■ **Problem**
Give the data below again exactly as written, but without the pictures.

■ **Exercise data**
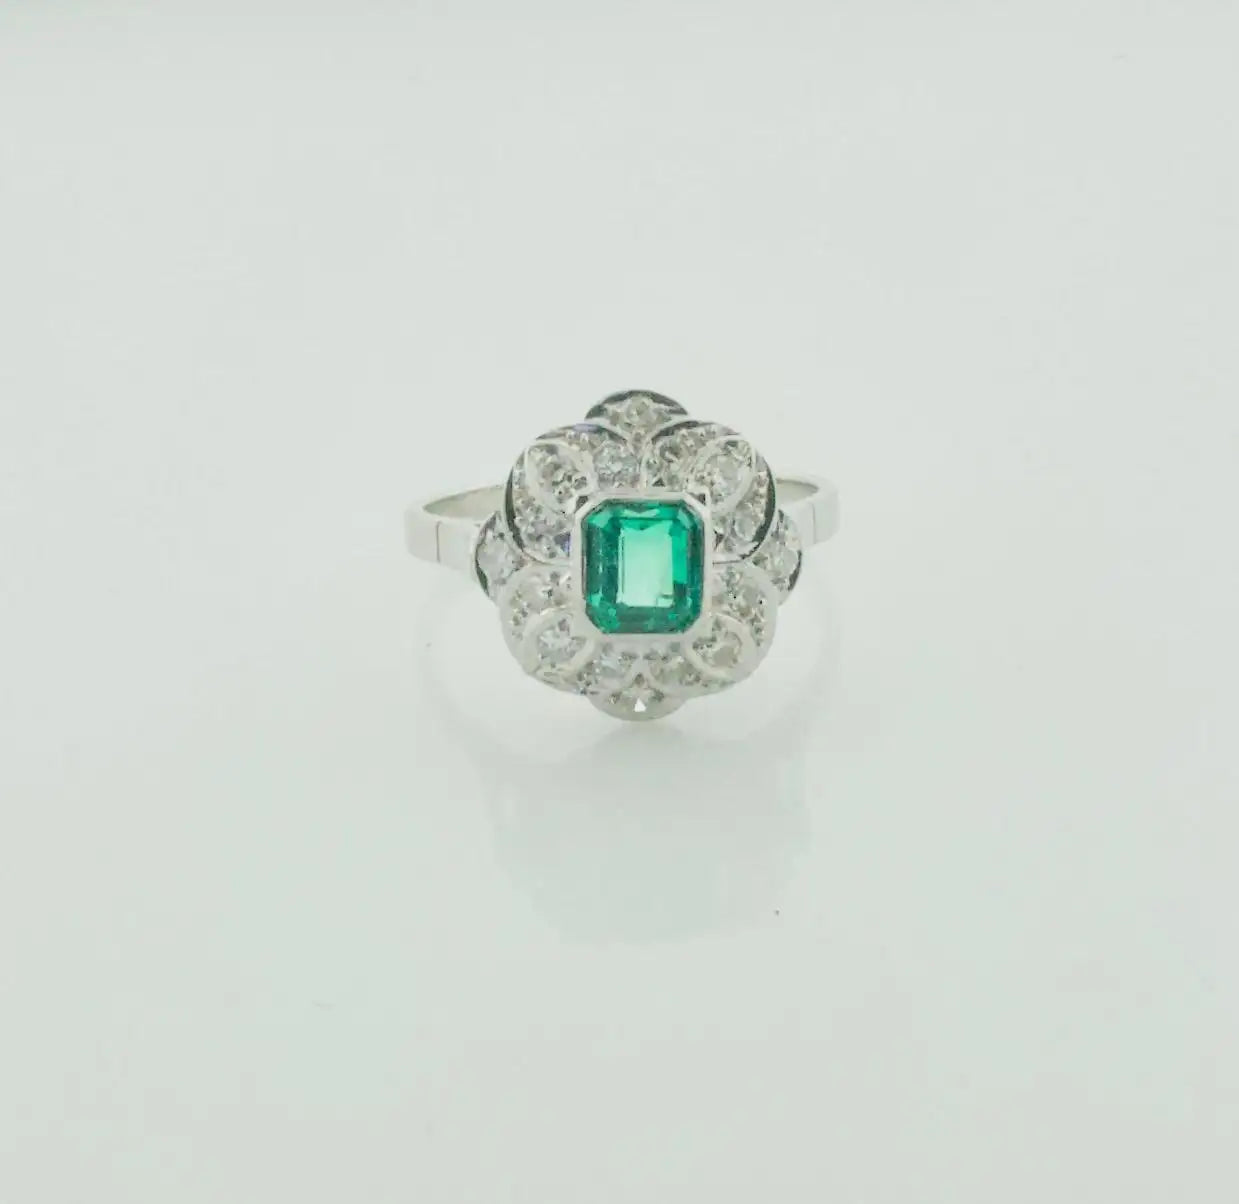 Art Deco Emerald and Diamond Ring in Platinum
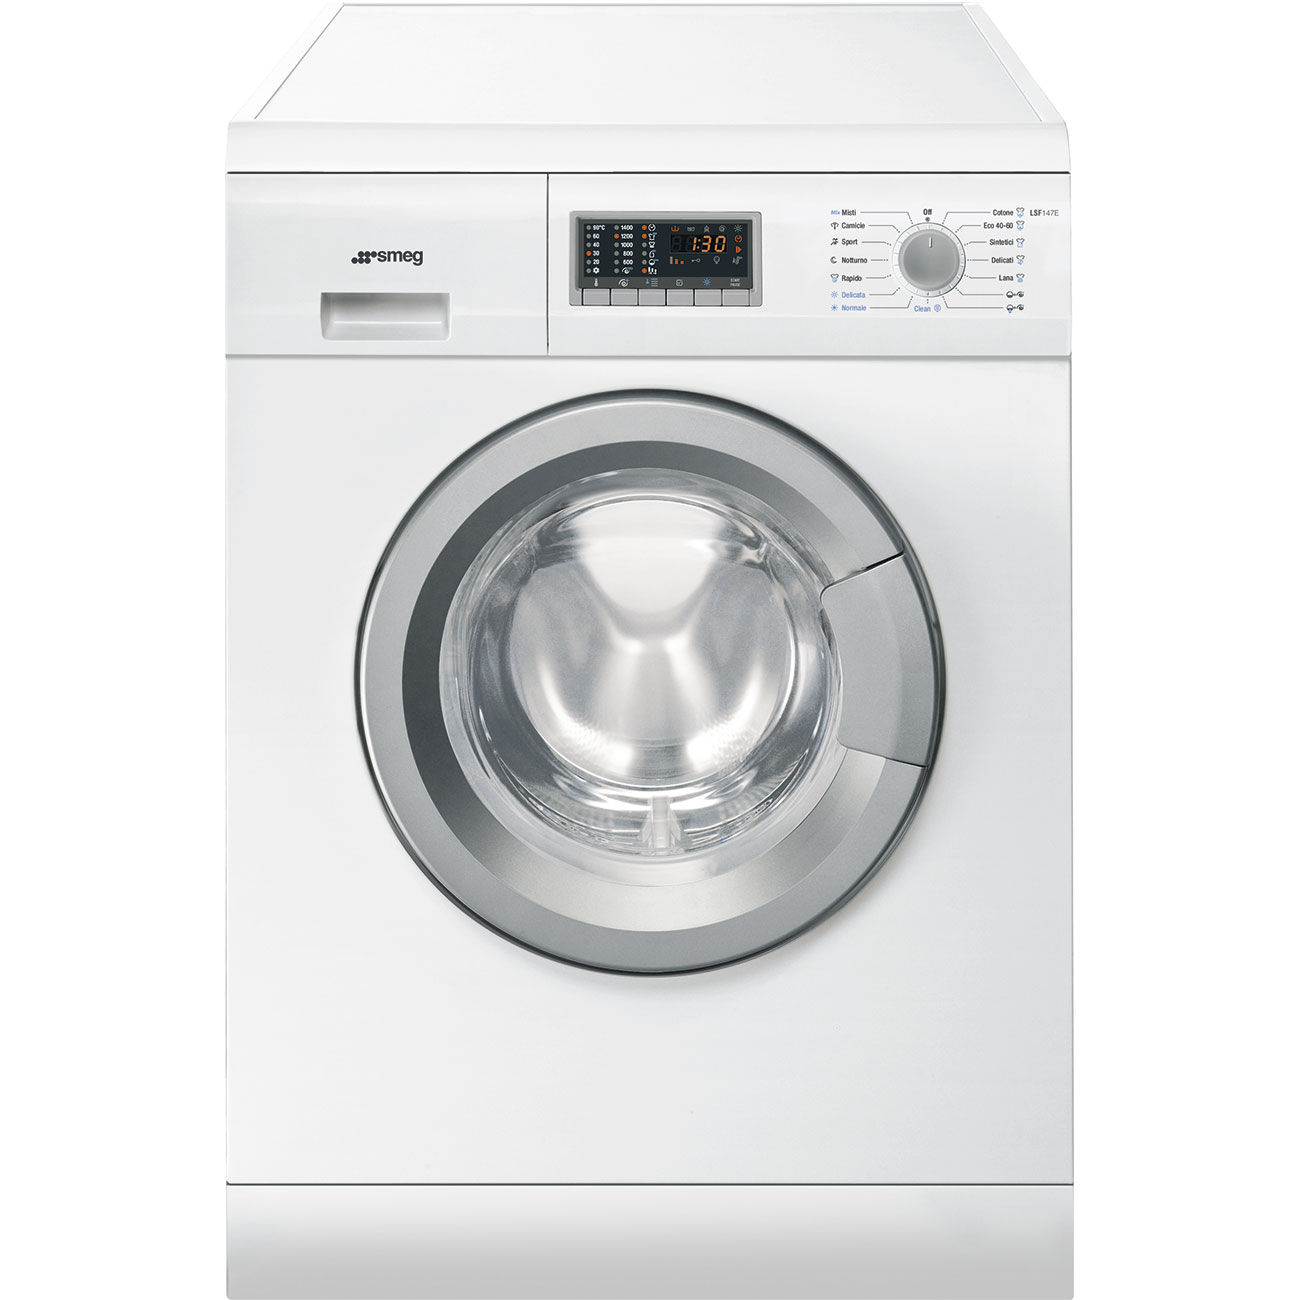 Стиральная машина Smeg белый, серебристый встраиваемая стиральная машина smeg lbi147
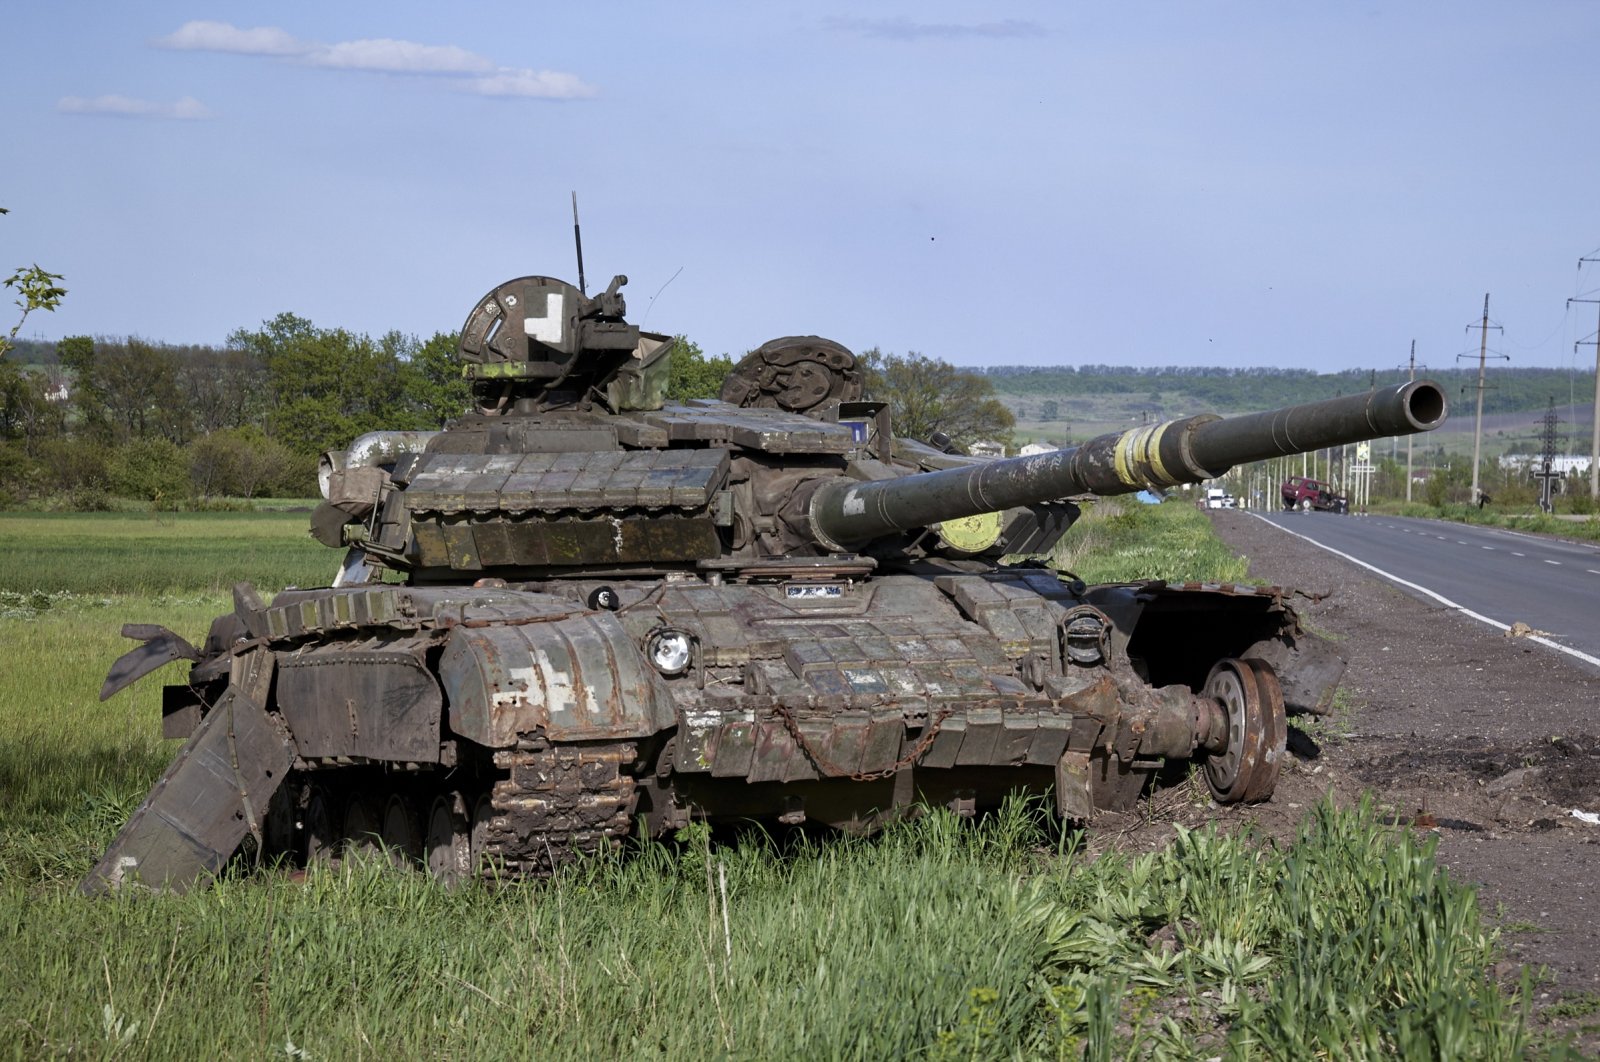 A damaged Russian tank near the village of Mala Rohan, near Kharkiv, Ukraine, May 13, 2022. (EPA Photo)

■ **Solution**
 Art Deco Emerald and Diamond Ring in Platinum
 Стиральная машина Smeg белый, серебристый встраиваемая стиральная машина smeg lbi147
 A damaged Russian tank near the village of Mala Rohan, near Kharkiv, Ukraine, May 13, 2022. (EPA Photo)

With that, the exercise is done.